CRISPR Therapeutics Announces the Retirement of Tyler Dylan-Hyde and Appointment of Shelby Walker as Head of Intellectual Property

ZUG, Switzerland and CAMBRIDGE, Mass., March 26, 2018 (GLOBE NEWSWIRE) -- CRISPR Therapeutics (NASDAQ:CRSP), a biopharmaceutical company focused on developing transformative gene-based medicines for serious diseases, today announced the retirement of Dr.
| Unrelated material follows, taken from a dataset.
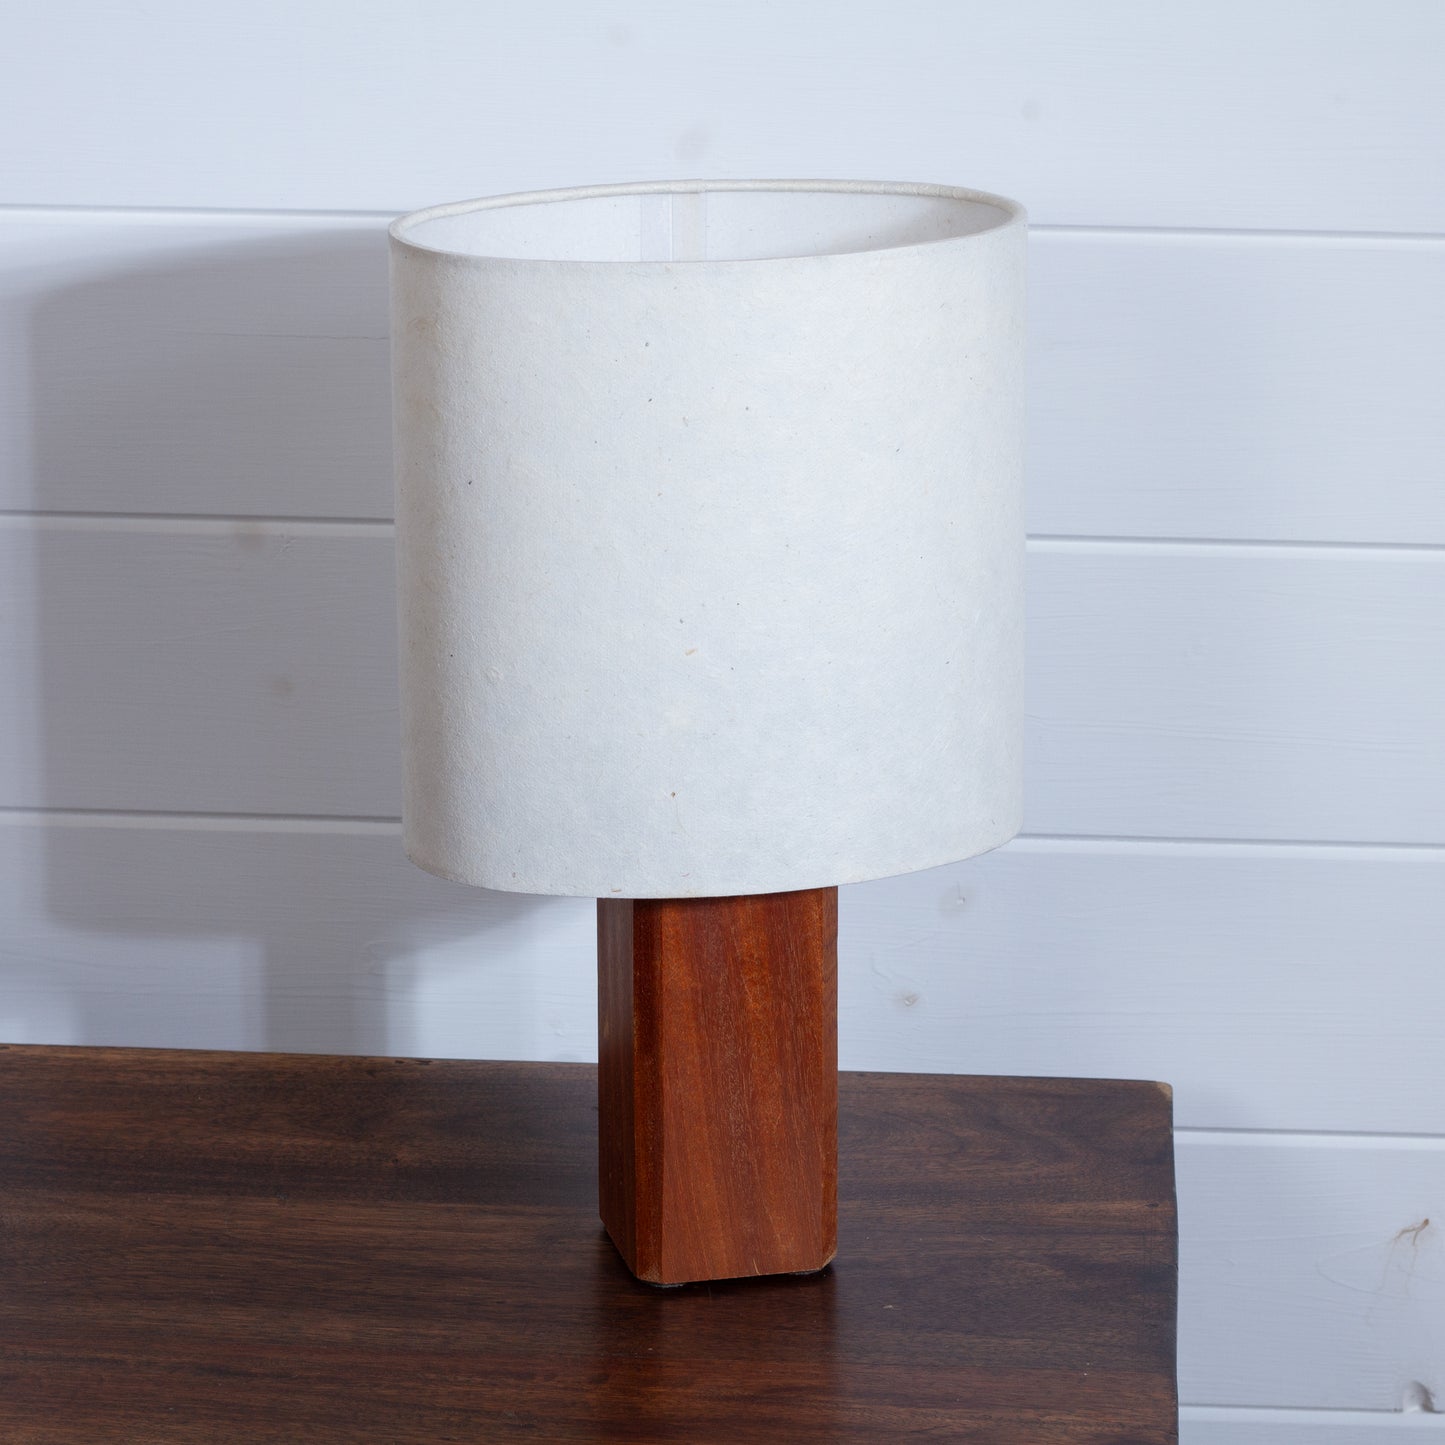 Square Sapele Lamp Base with Oval Lamp shade in P54 - Natural Lokta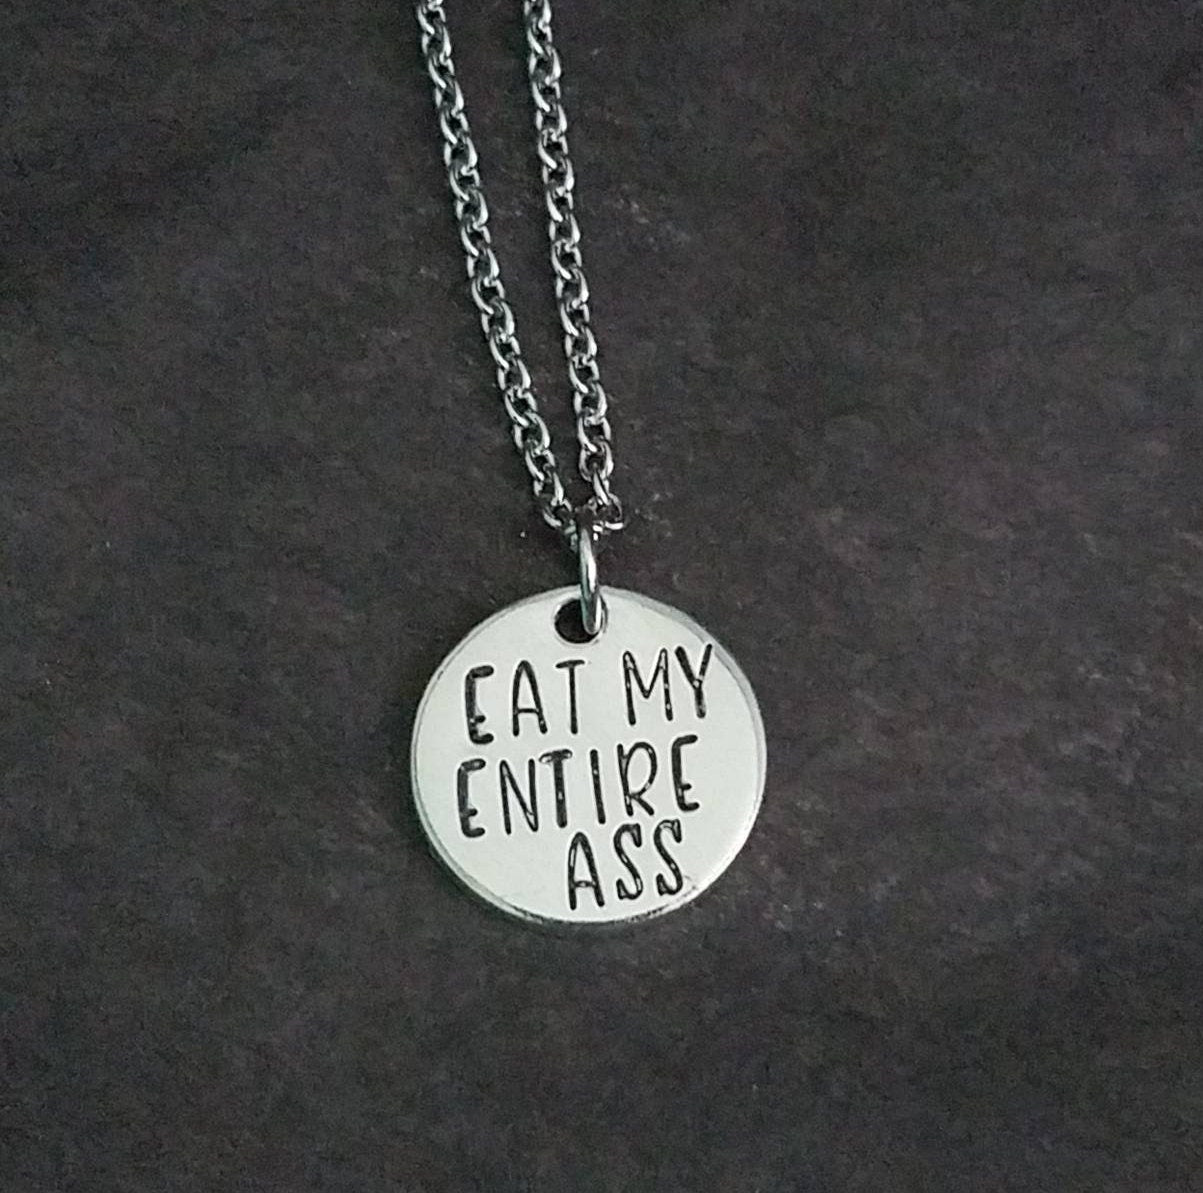 Eat My Entire Ass Hand Stamped Pendant Necklace

Tyler Dylan-Hyde as Chief Legal Officer and the appointment of Shelby Walker as Head of Intellectual Property.

“Tyler joined CRISPR in its early stages and made significant contributions to the Company’s success during his tenure,” commented Samarth Kulkarni, PhD, Chief Executive Officer of CRISPR Therapeutics. “On behalf of CRISPR, I give Tyler our deepest thanks and wish him the very best.”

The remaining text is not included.